From Machine Learning to Digital Humanities
- PhD Student:
- David Ing
- Co-Advisors :
- Lakhdar Saïs
- Saïd Jabbour
- Co-Supervisors :
- Fabien Delorme
- Nelly Robin
- Funding : Artois, Région HdF
- PhD defended on :
- Dec 13, 2024
Dimensionality reduction or the selection of relevant features is an important step in designing machine learning models, as well as for generating concise and understandable explanations in many sensitive applications. For classification algorithms, such as decision trees and random forests, many studies have focused on constructing optimal trees in terms of involved features, as well as generating the most relevant and accurate explanations.
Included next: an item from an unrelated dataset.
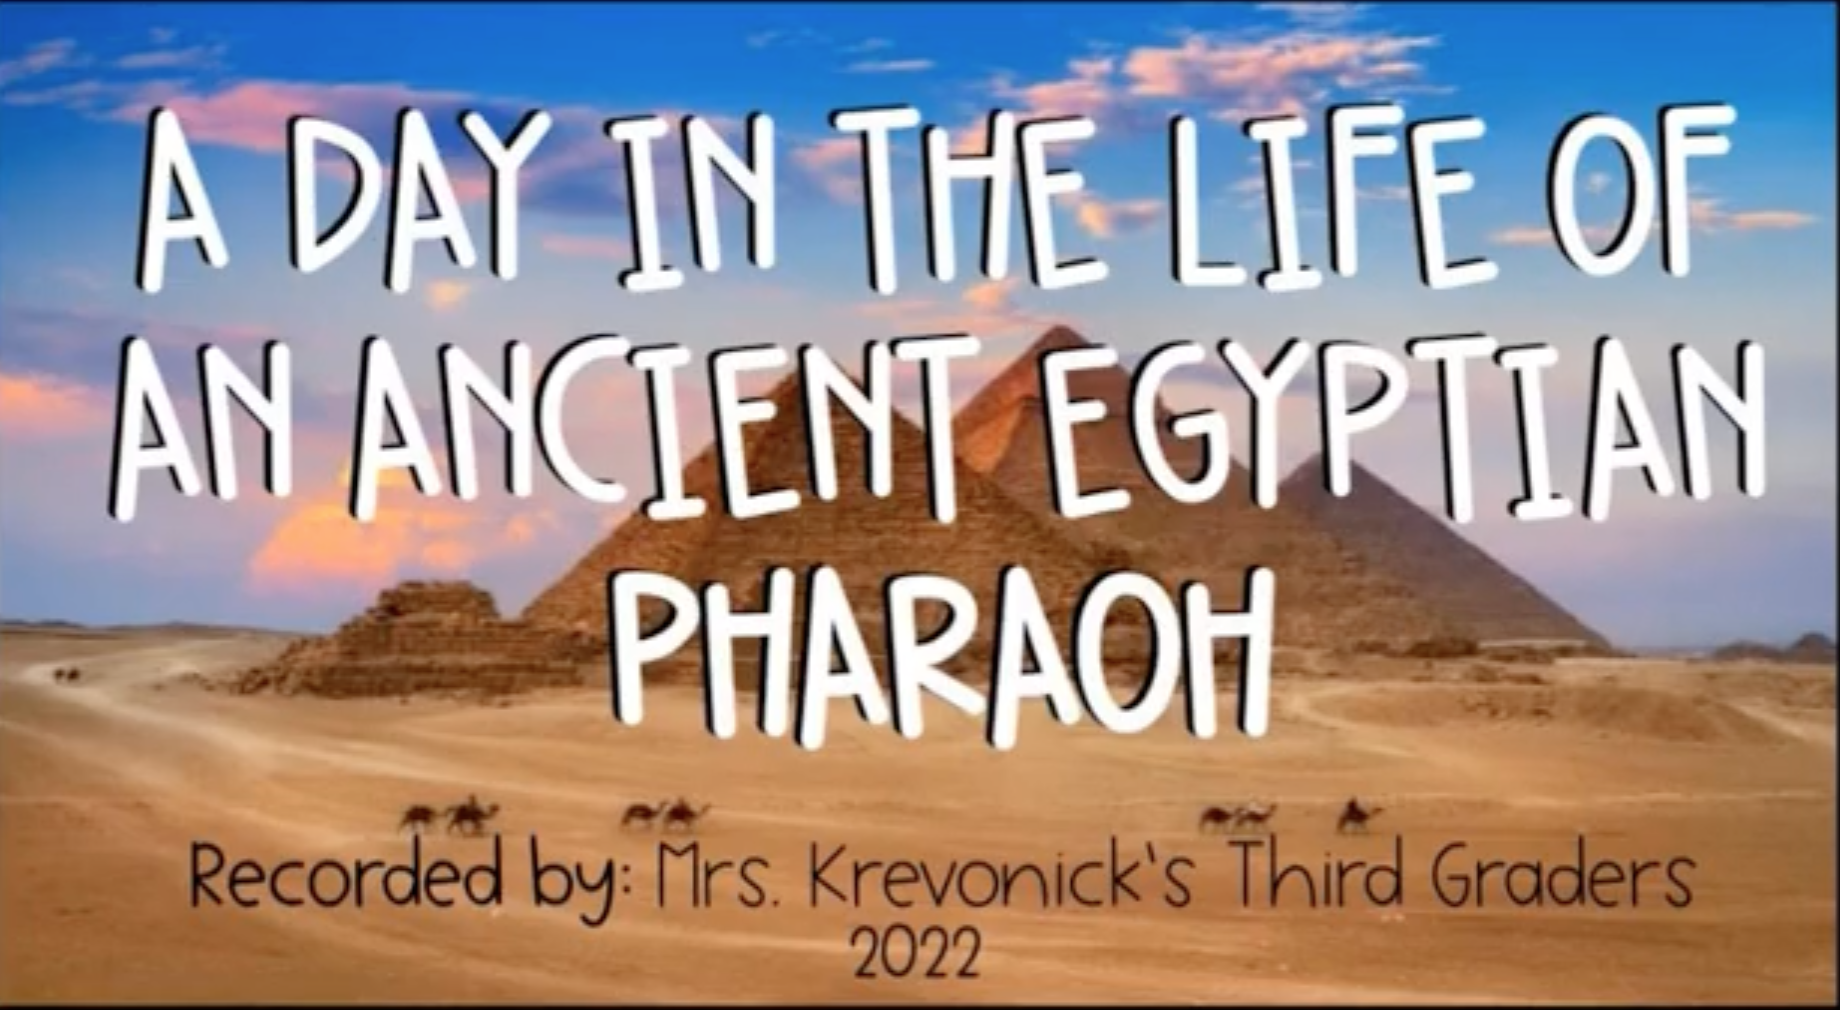 A Day in the Life of an Egyptian Pharaoh

This thesis, entitled “From Machine Learning to Digital Humanities” proposes significant improvements to classification algorithms, particularly in feature selection via Logical Analysis of Data (LAD), a pattern learning framework that combines optimization, Boolean functions, and combinatorics, an approach derived from discrete mathematics which is often overlooked by the AI community. We have also proposed a new measure of decision tree optimality, defined by the minimum number of features necessary for their construction. Experiments on large benchmark datasets show that our approach significantly reduces the number of features required to build decision trees and random forests, thus improving the explanation generation phase.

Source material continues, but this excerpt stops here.